"""
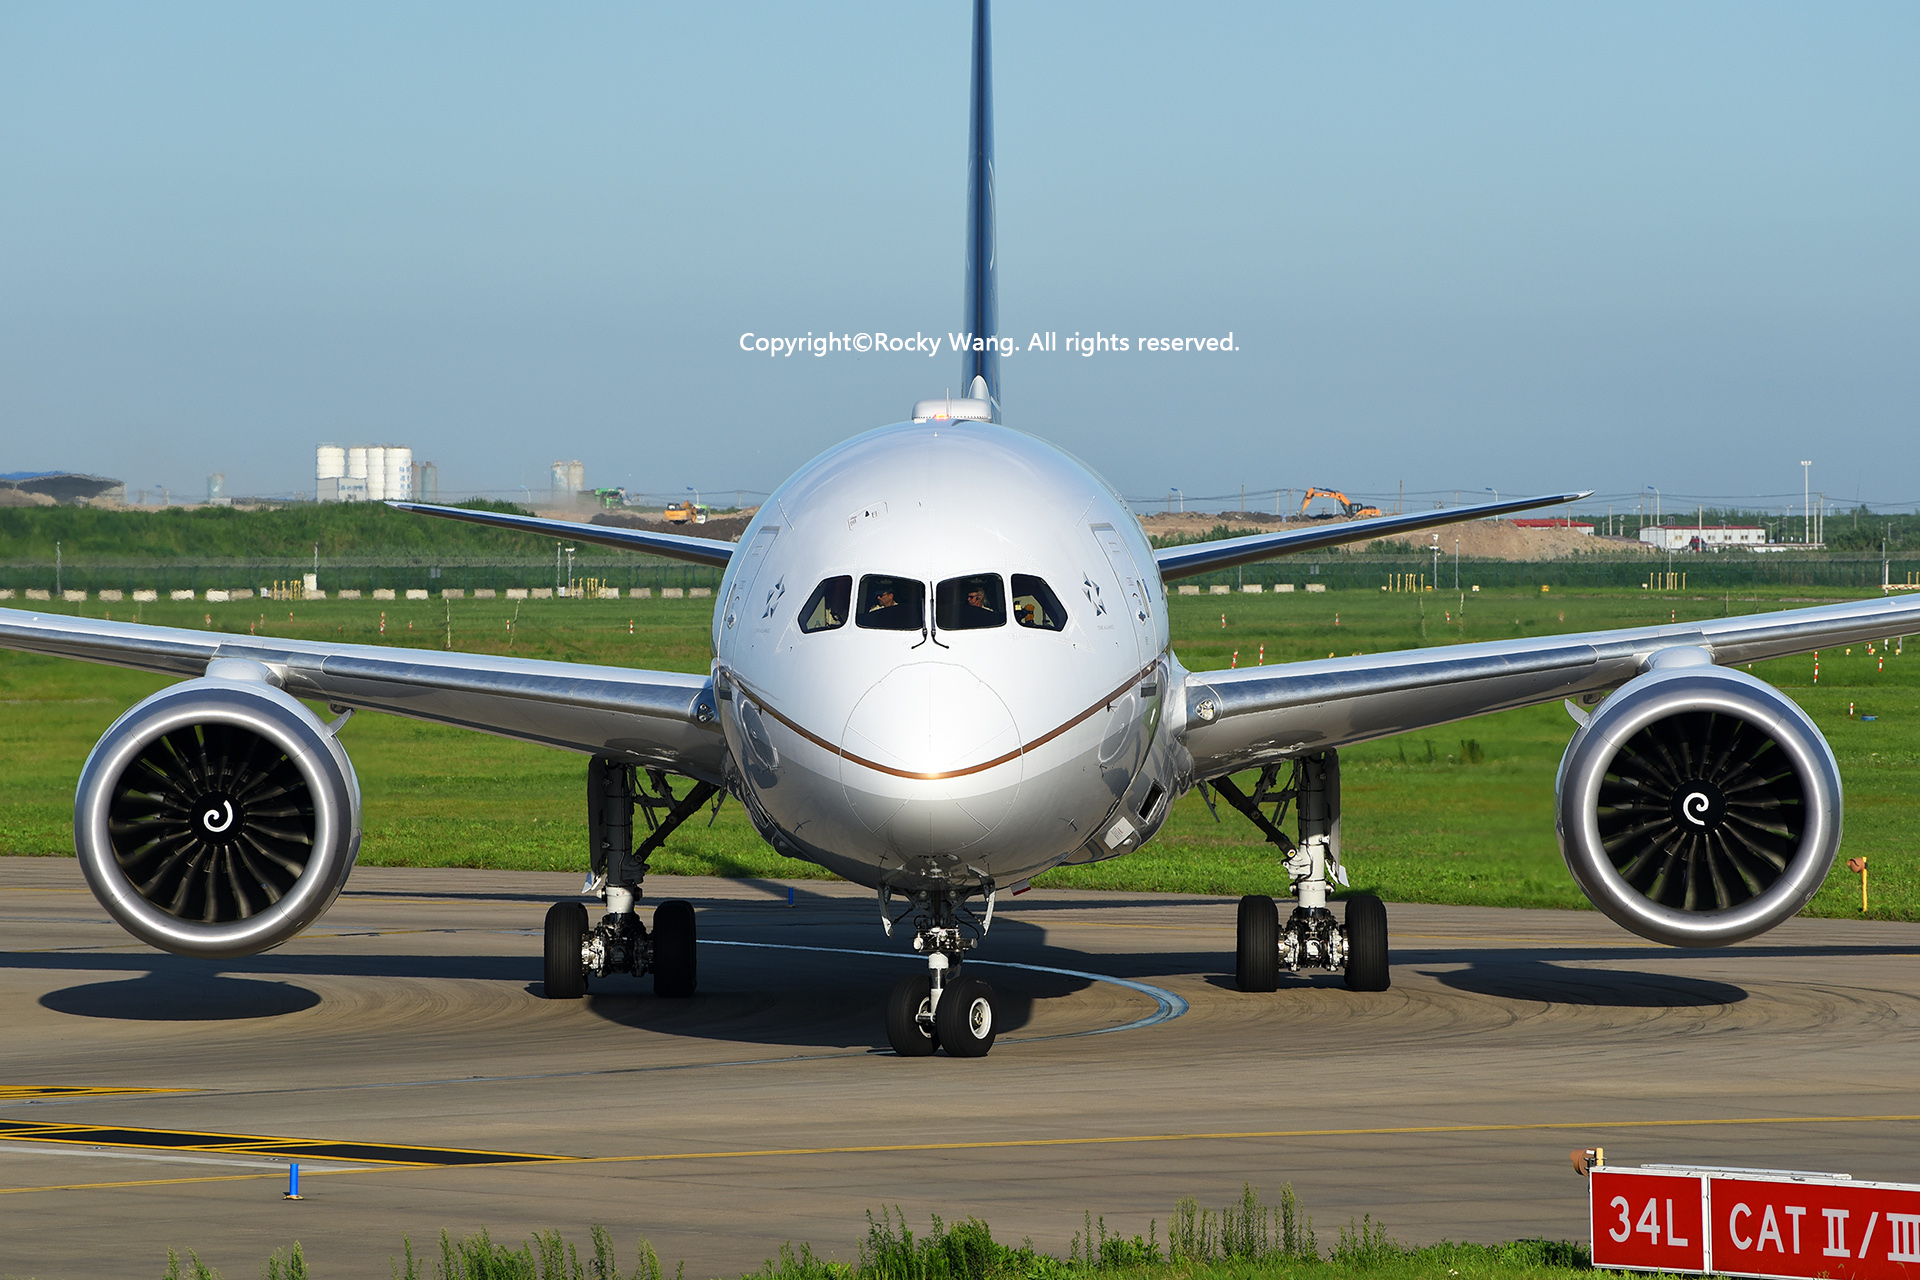 Re:[原创]盗图就别狂 发组表情自己体会 BOEING 787-9 DREAMLINER N29971 Shanghai Pudong
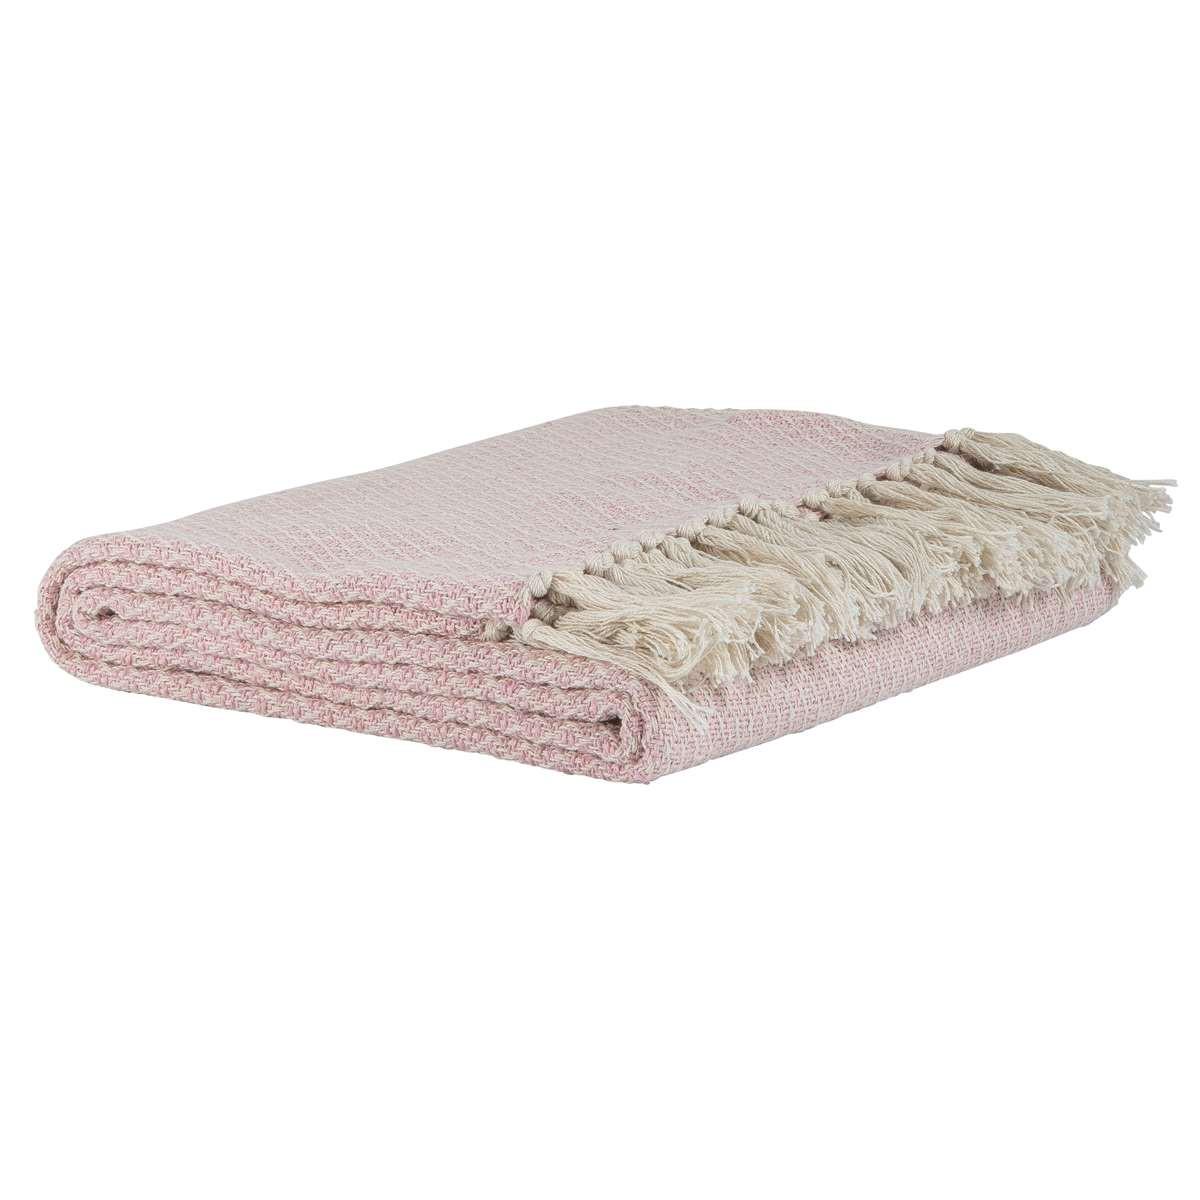 ib laursen plaid creme rosa karo muster wolldecke aus baumwolle creme farbig mit hellrosa. Black Bedroom Furniture Sets. Home Design Ideas
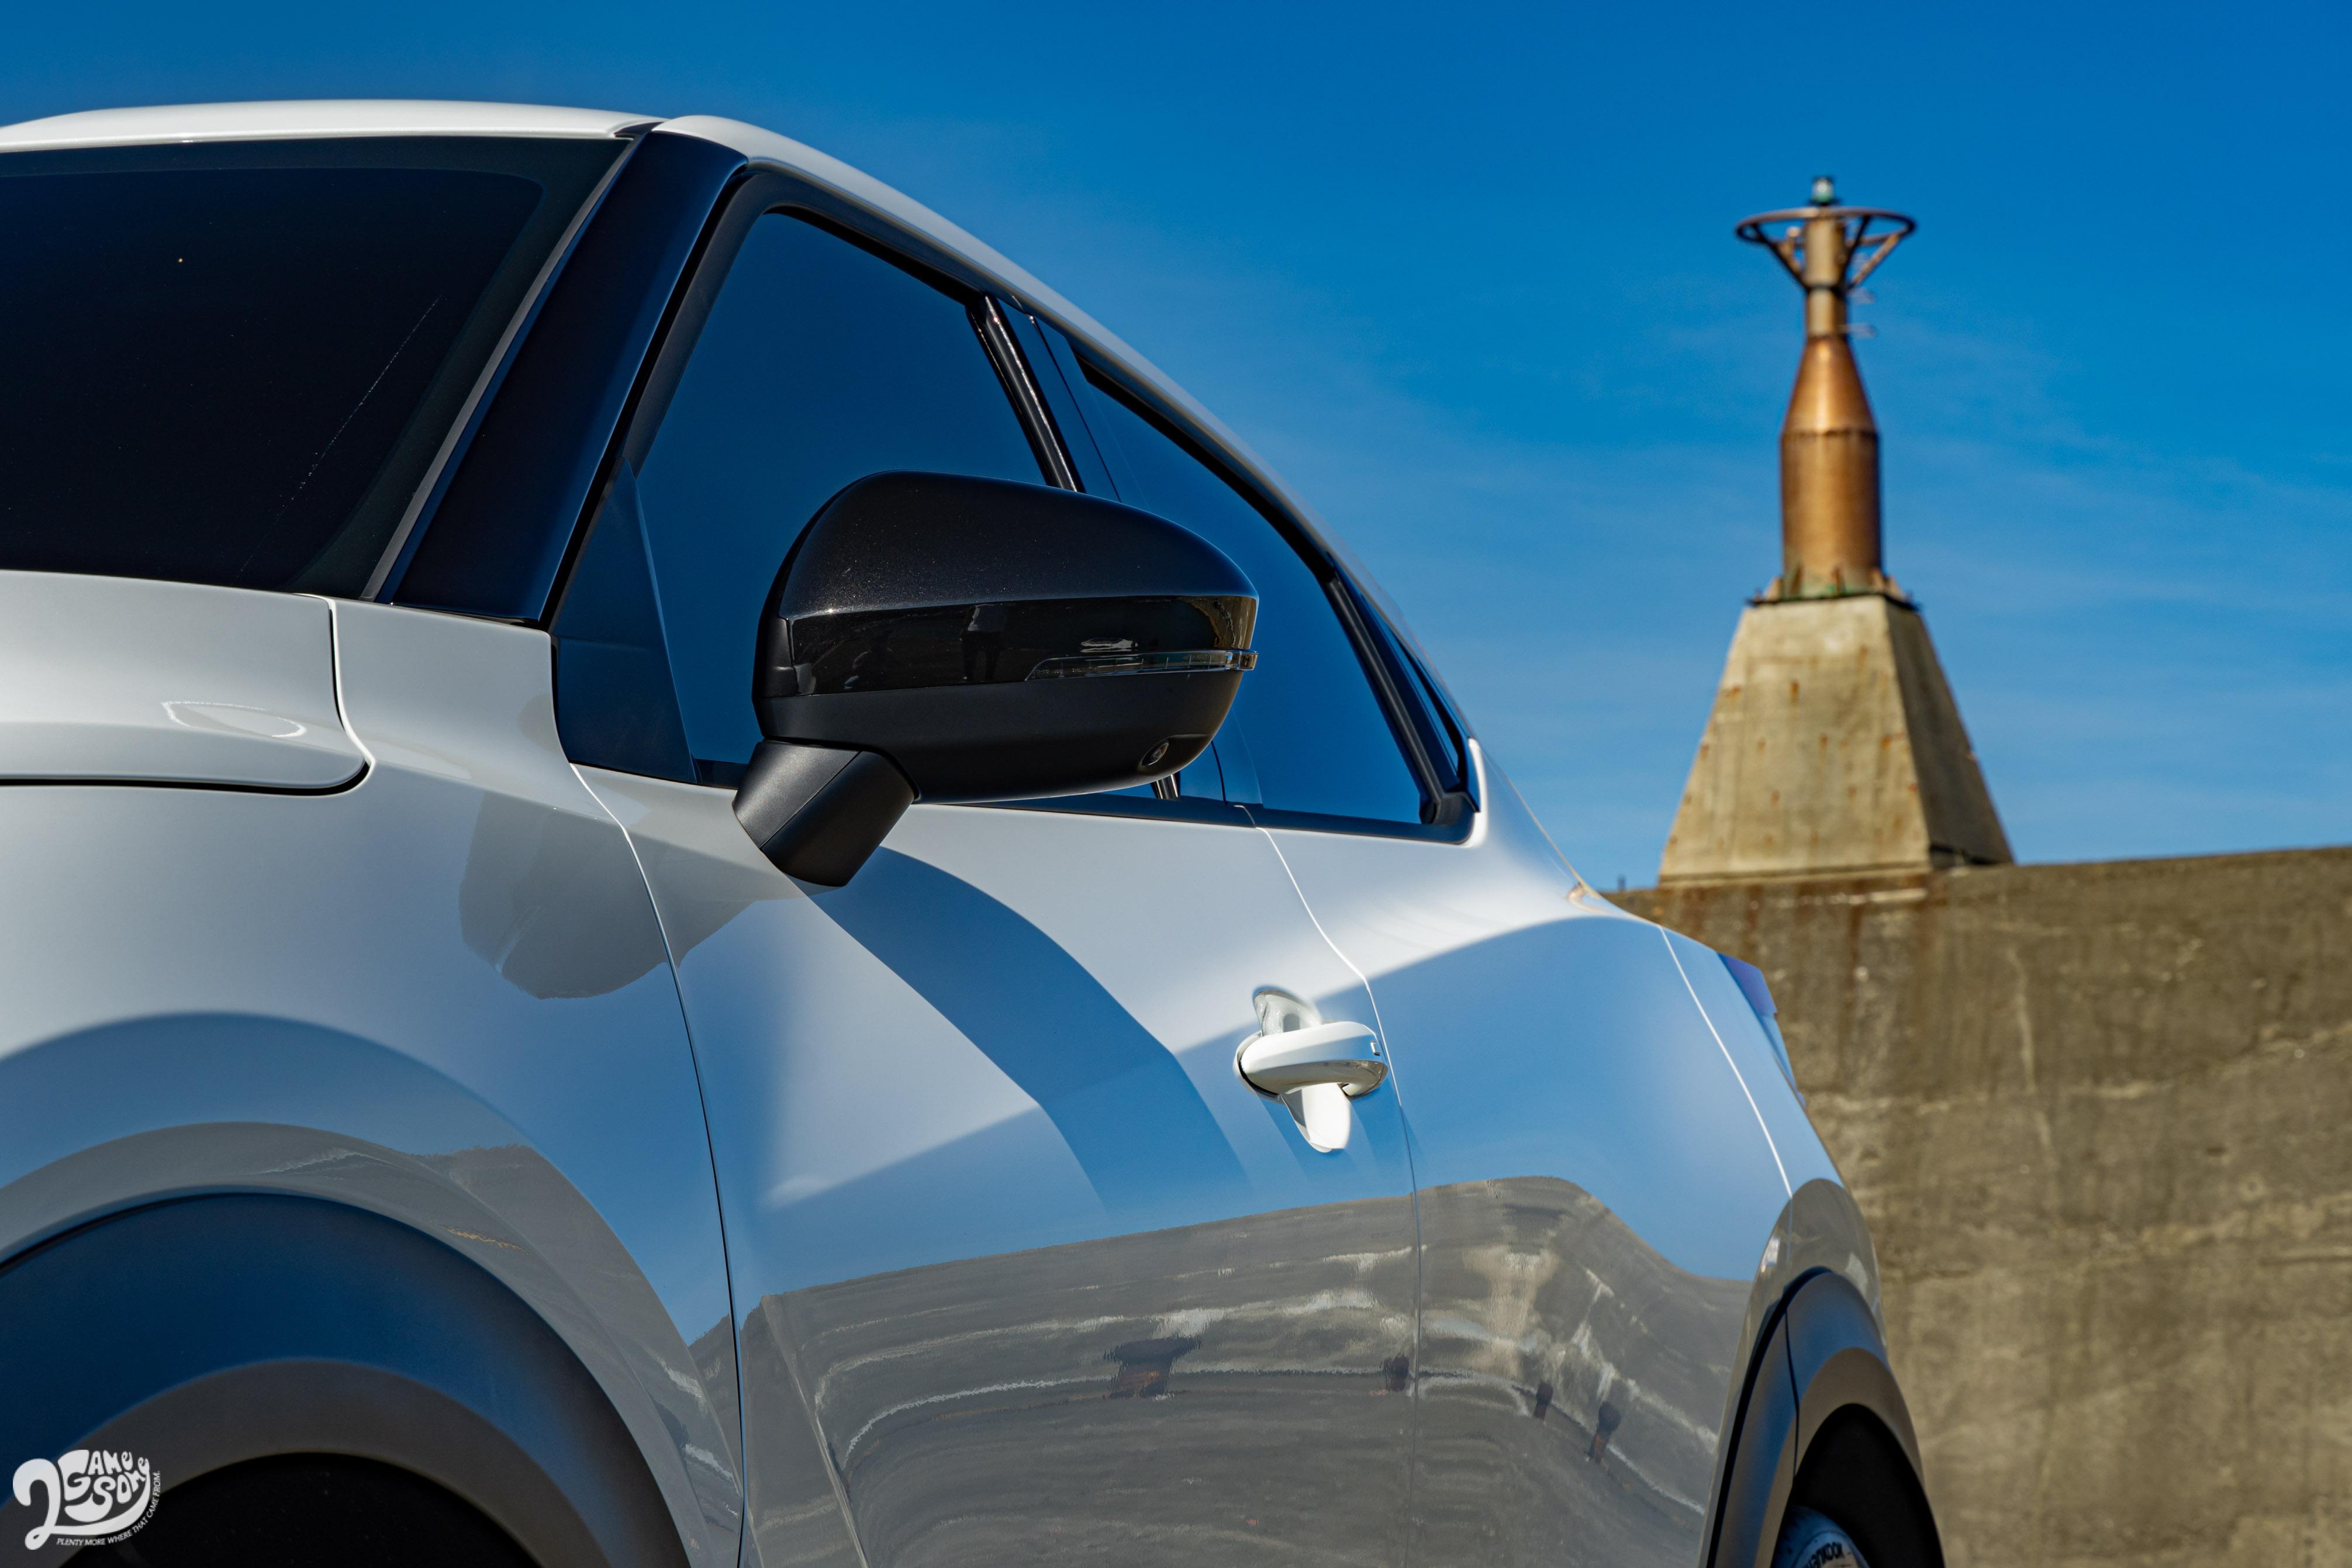 Nissan Juke 分三車型販售:英倫版 86.9 萬元、駕趣版 94.9 萬元、駕趣享樂版 98.9 萬元。
"""
== Required action ==
Pictures are to be left out, and each line from the one that contains "ib laursen plaid" through the end of the listing is to be copied exactly.

== Result of the exercise ==
 ib laursen plaid creme rosa karo muster wolldecke aus baumwolle creme farbig mit hellrosa. Black Bedroom Furniture Sets. Home Design Ideas
 Nissan Juke 分三車型販售:英倫版 86.9 萬元、駕趣版 94.9 萬元、駕趣享樂版 98.9 萬元。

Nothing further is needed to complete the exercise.